── DATA SHOWN ──

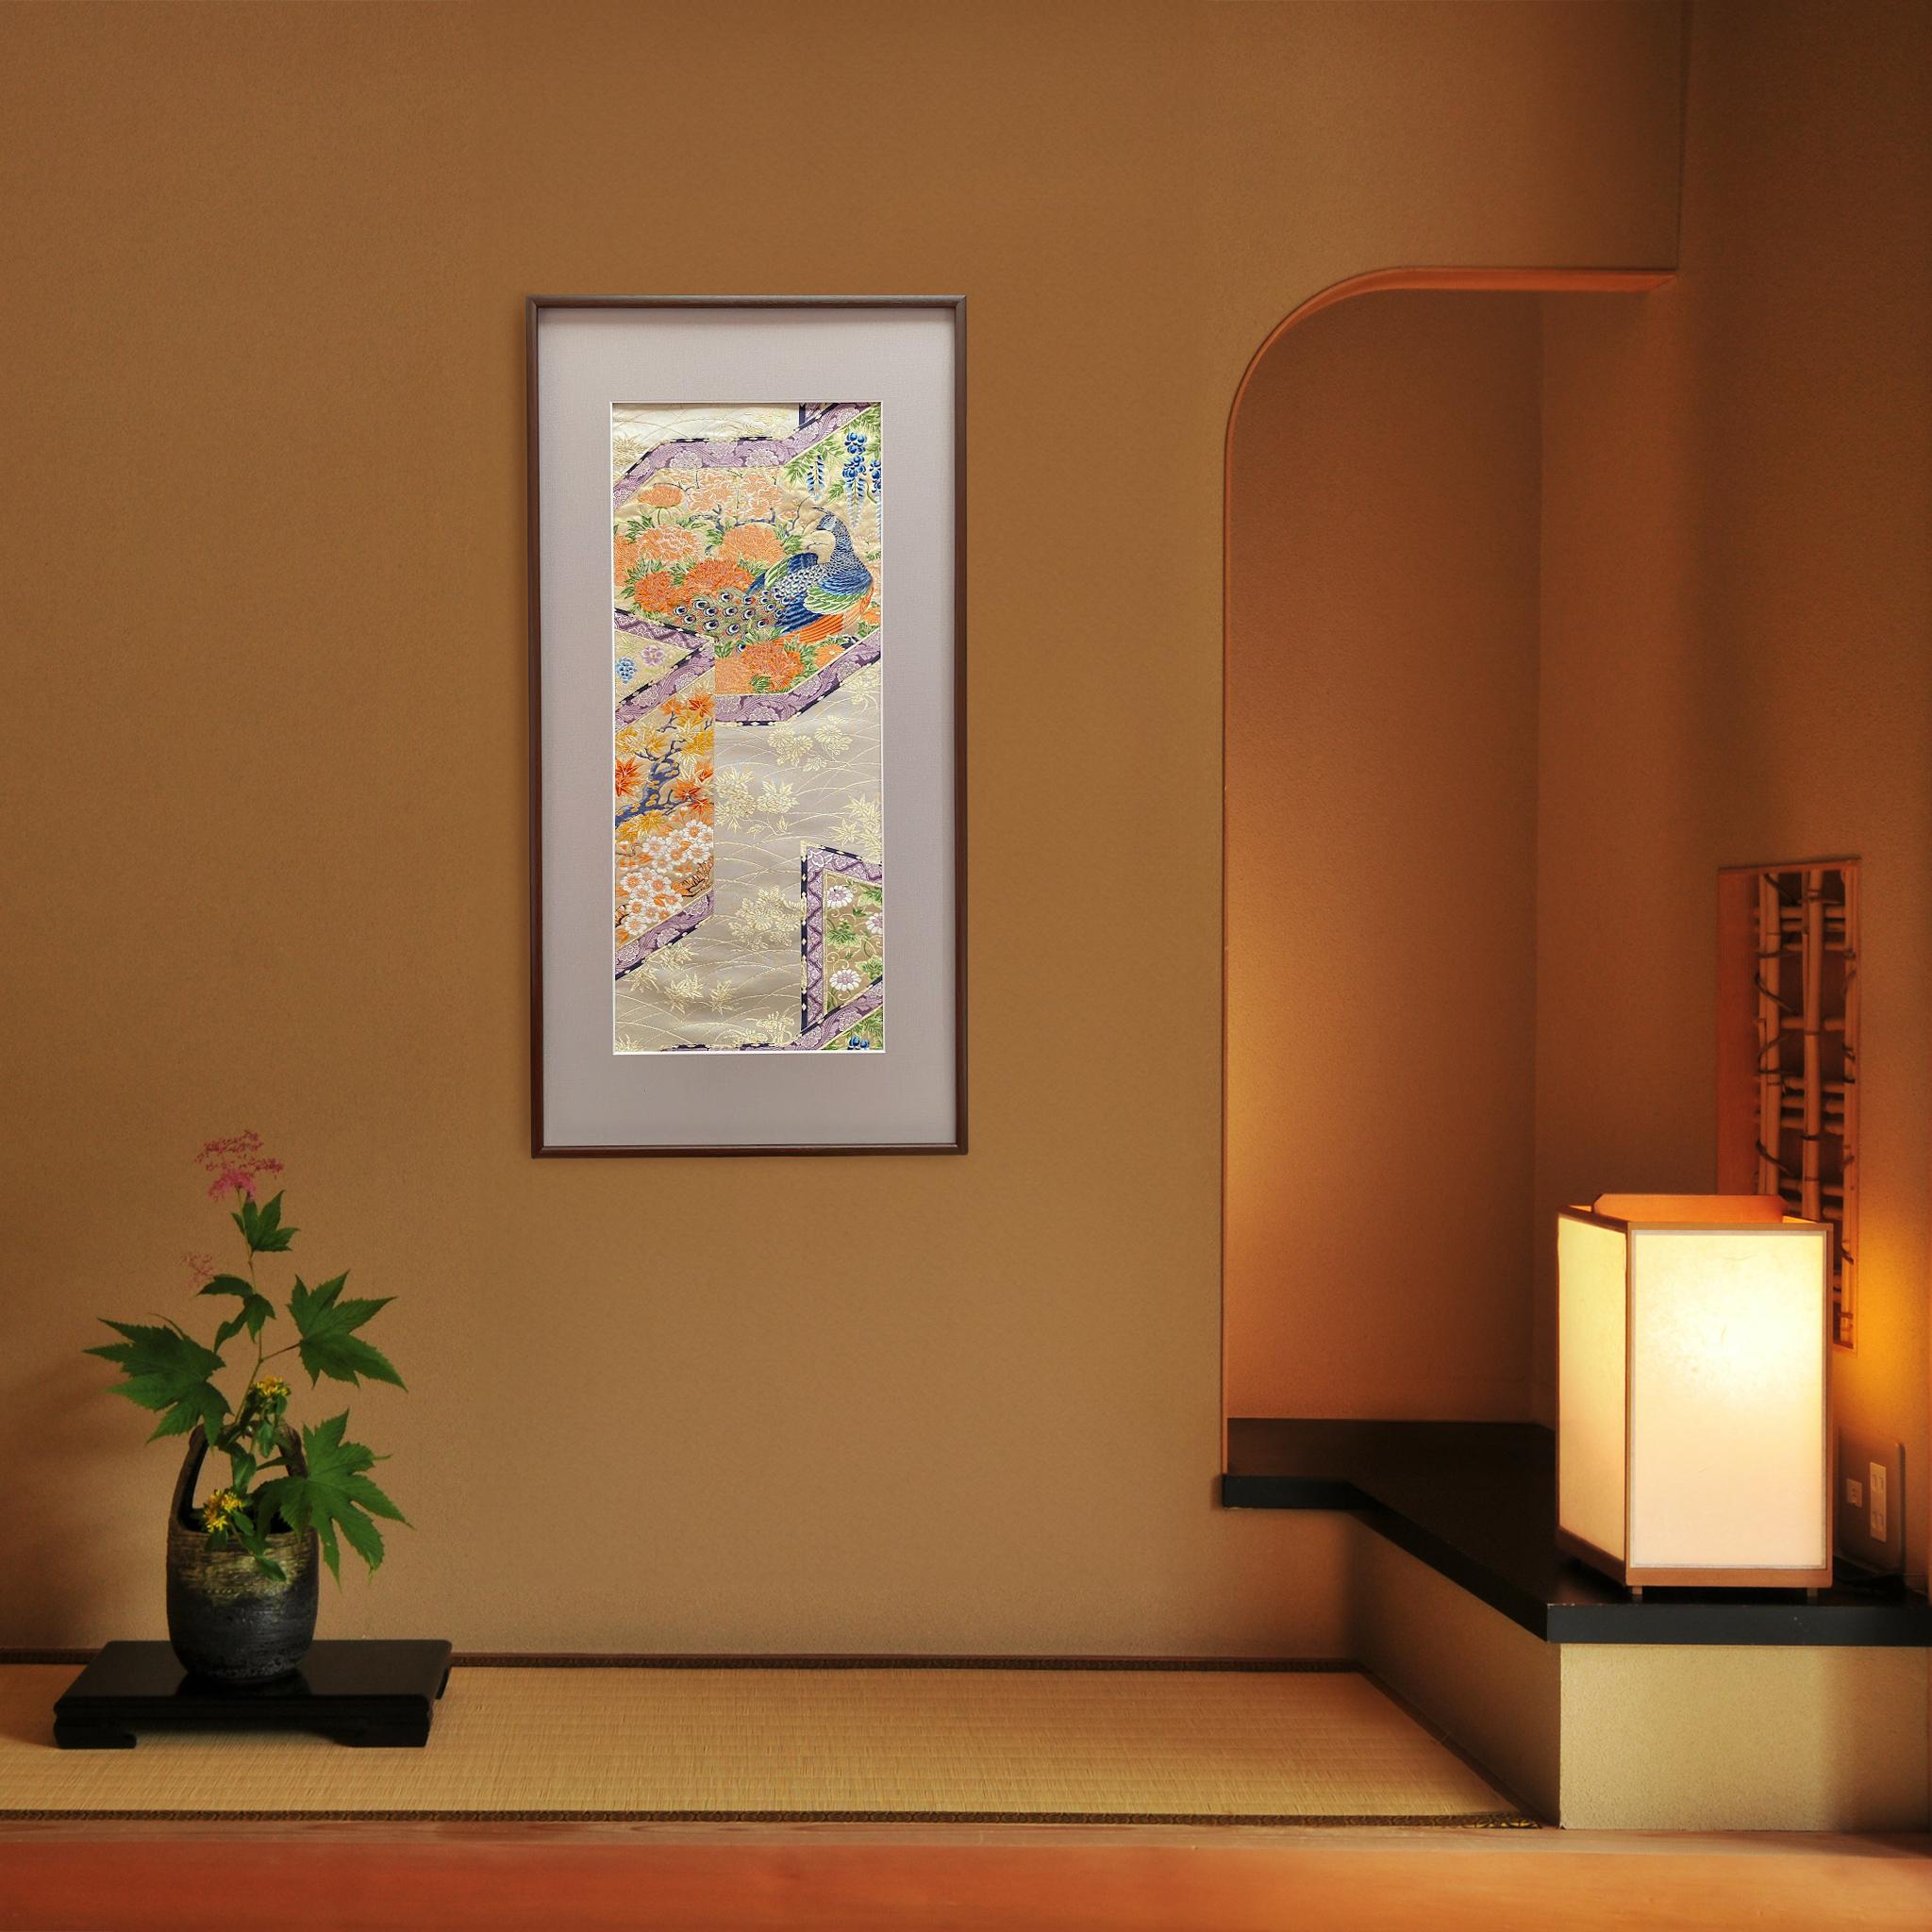 Japanese Kimono Art by Kimono-Couture
Title:The King of Peacock

We would like to present to you this exquisite Kimono Wall Art, meticulously embroidered by skilled Japanese craftsmen, which stands as the sole of its kind in the entire world.

We
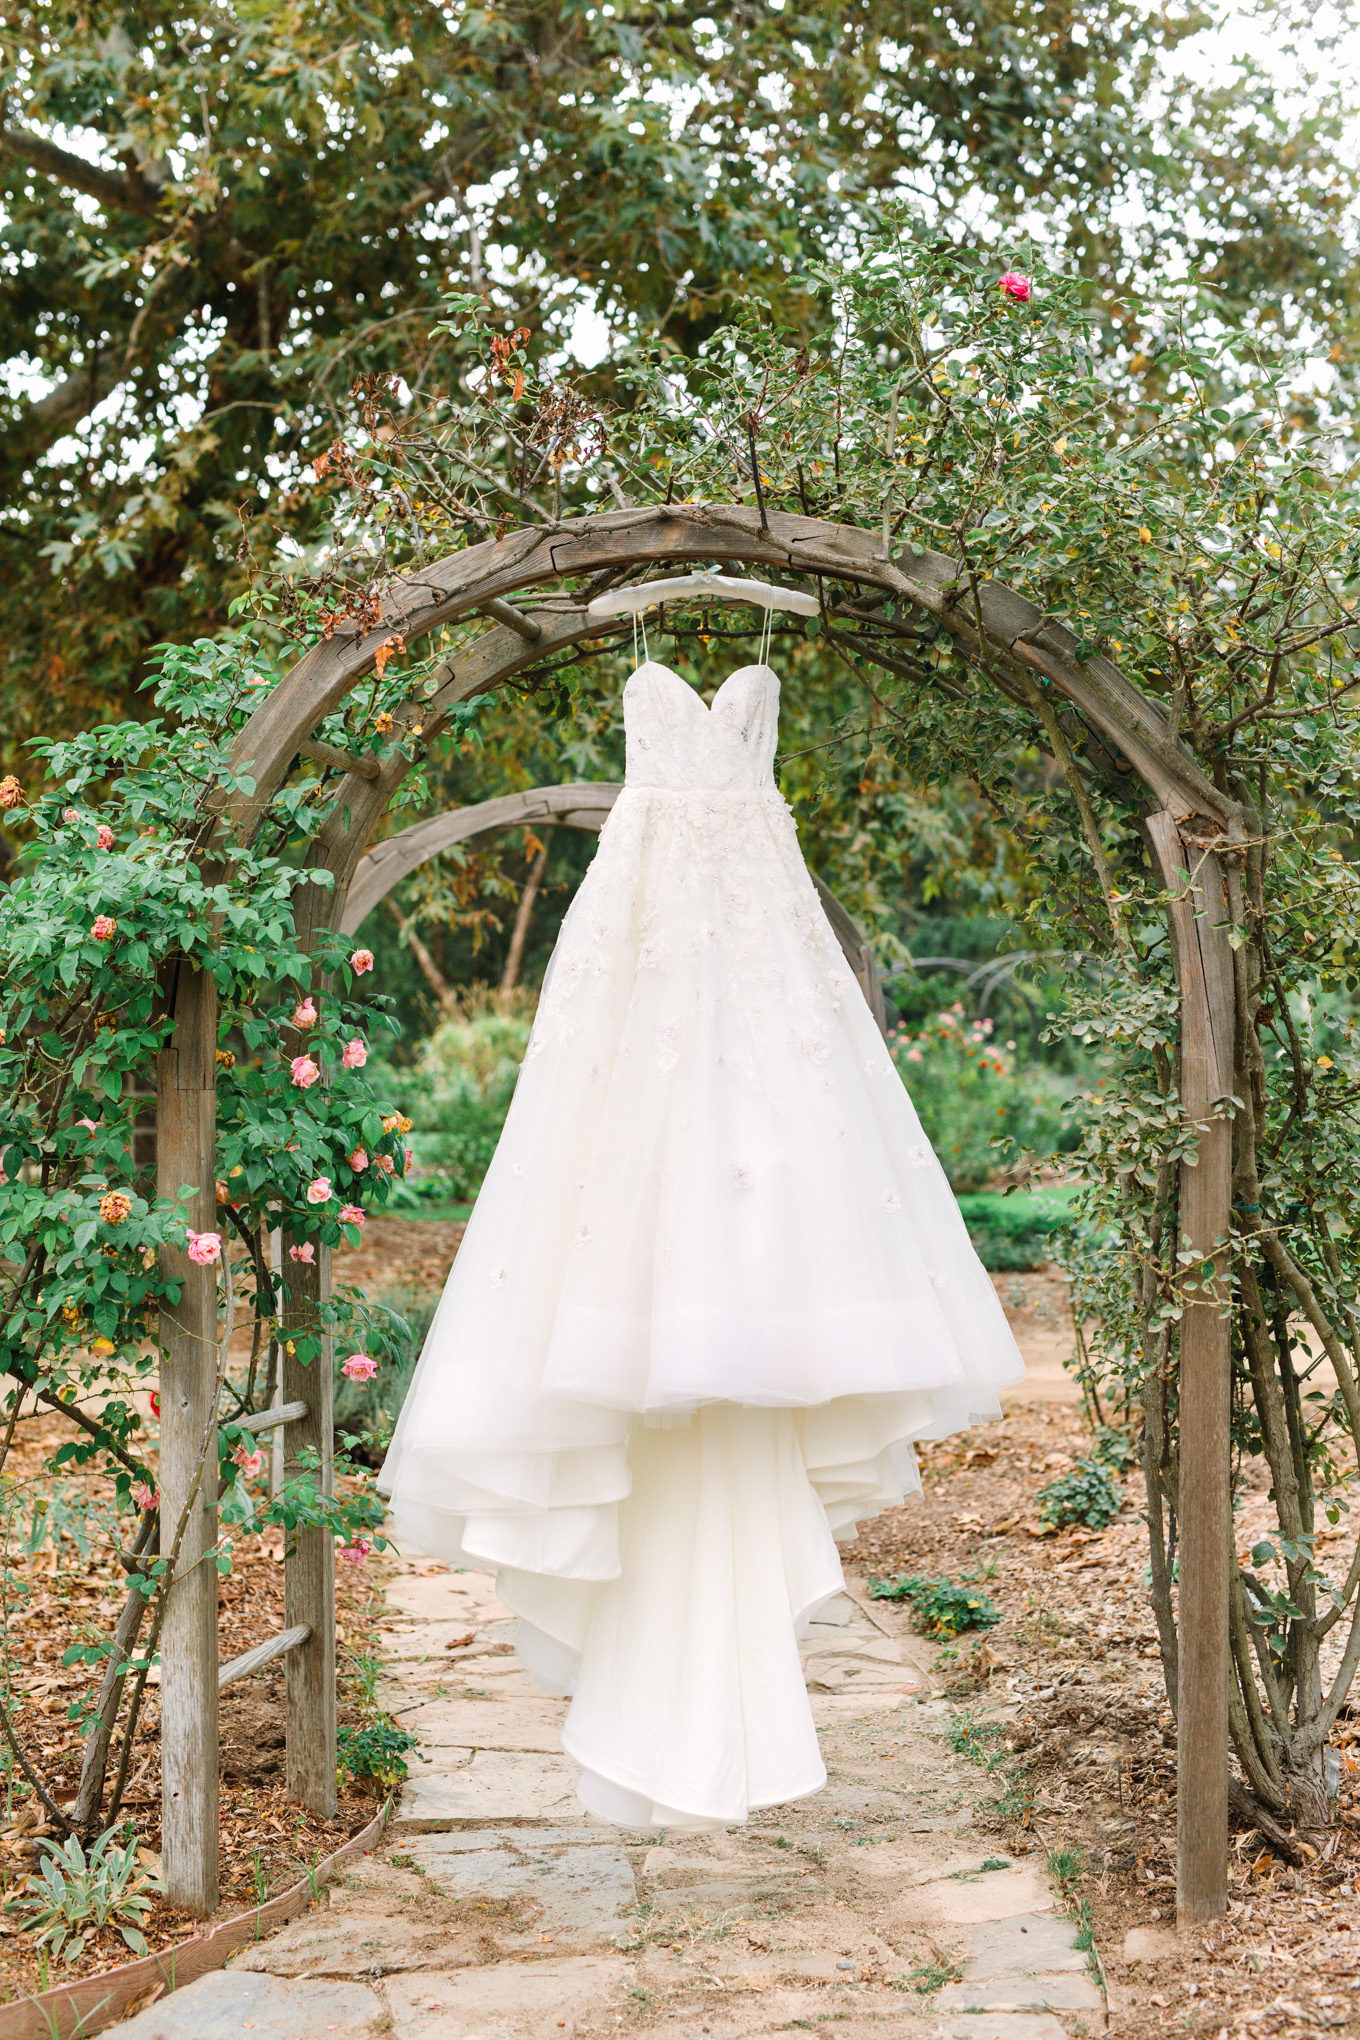 Wedding gown hanging at Descanso Gardens | Best Southern California Garden Wedding Venues | Colorful and elevated wedding photography for fun-loving couples | #gardenvenue #weddingvenue #socalweddingvenue #bouquetideas #uniquebouquet   Source: Mary Costa Photography | Los Angeles 
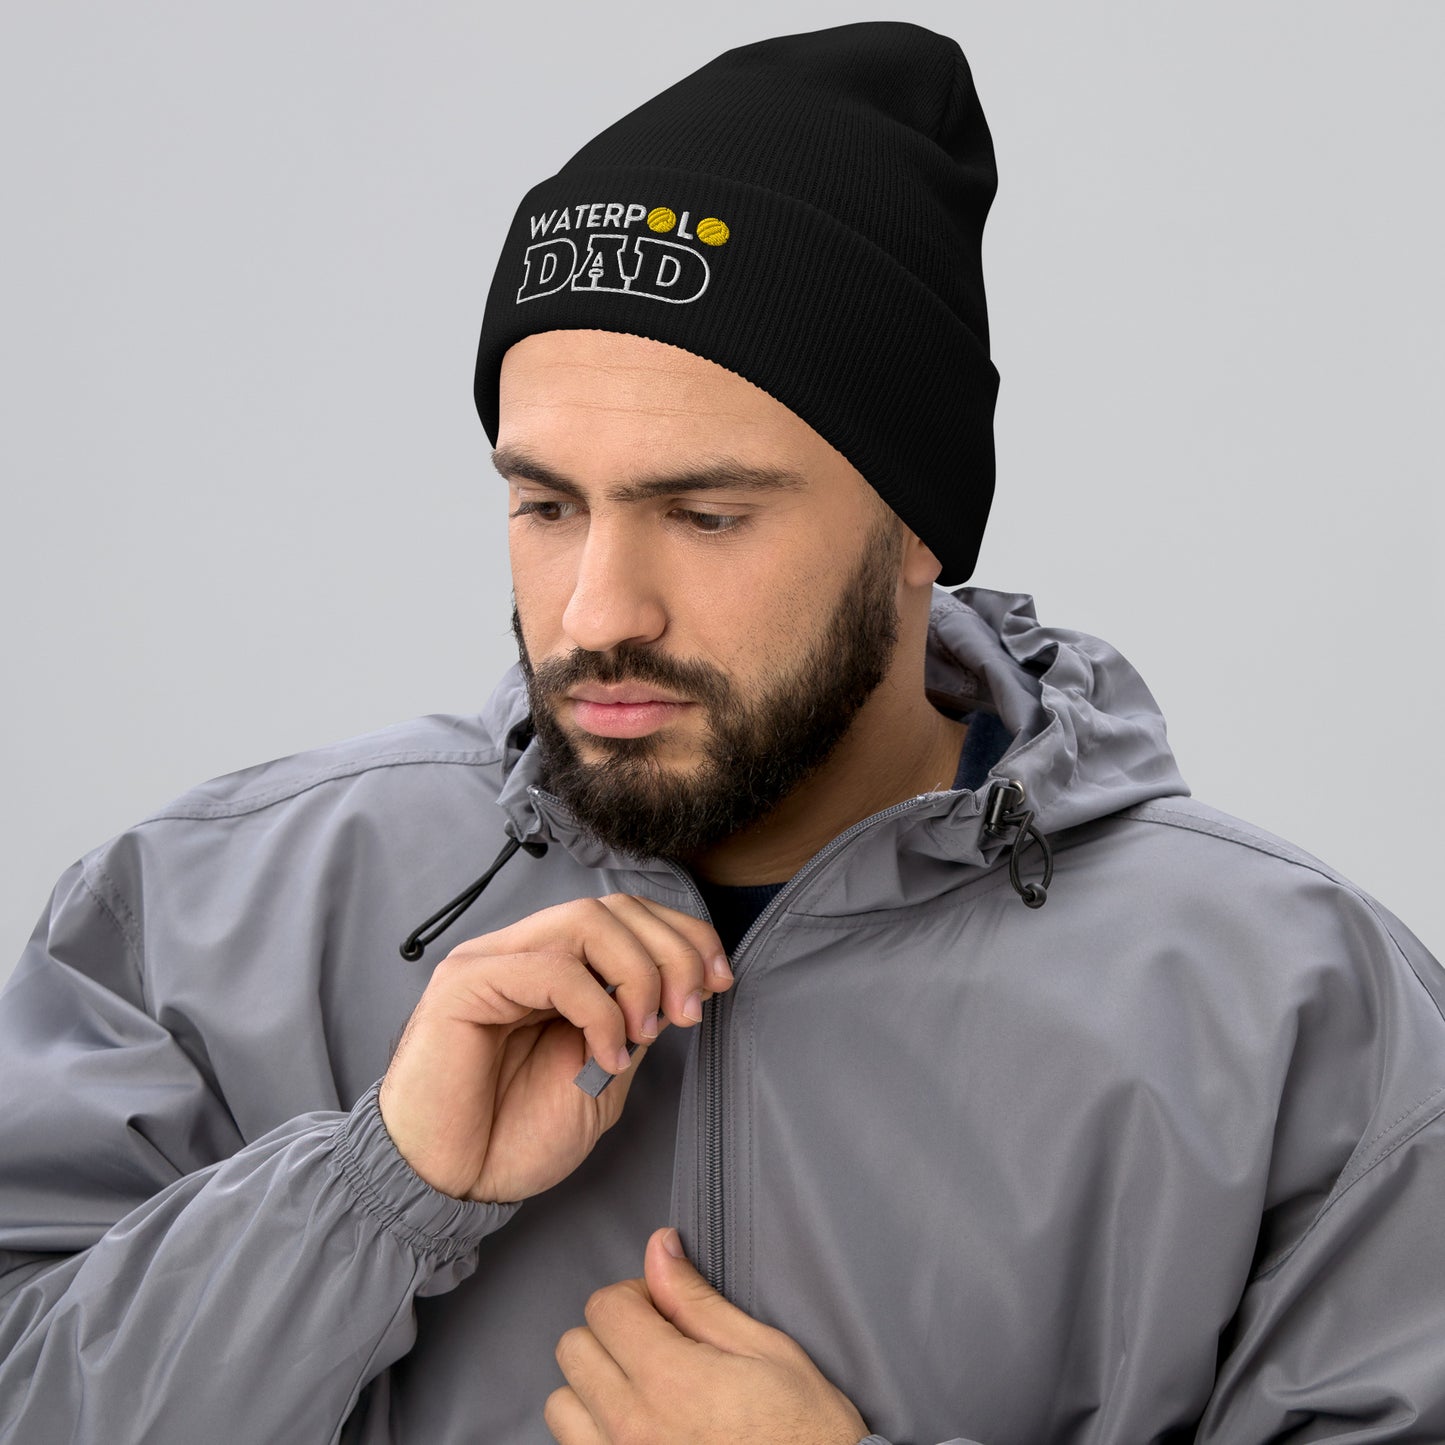 Waterpolo Dad - Embroidered Cuffed Beanie | Yupoong 1501KC

───

## EXERCISE PROMPT
Please return each line of the listing exactly as written, excluding the images.

## OUTPUT FOR THIS TASK
 Japanese Kimono Art by Kimono-Couture
Title:The King of Peacock

We would like to present to you this exquisite Kimono Wall Art, meticulously embroidered by skilled Japanese craftsmen, which stands as the sole of its kind in the entire world.

We
 Wedding gown hanging at Descanso Gardens | Best Southern California Garden Wedding Venues | Colorful and elevated wedding photography for fun-loving couples | #gardenvenue #weddingvenue #socalweddingvenue #bouquetideas #uniquebouquet   Source: Mary Costa Photography | Los Angeles 
 Waterpolo Dad - Embroidered Cuffed Beanie | Yupoong 1501KC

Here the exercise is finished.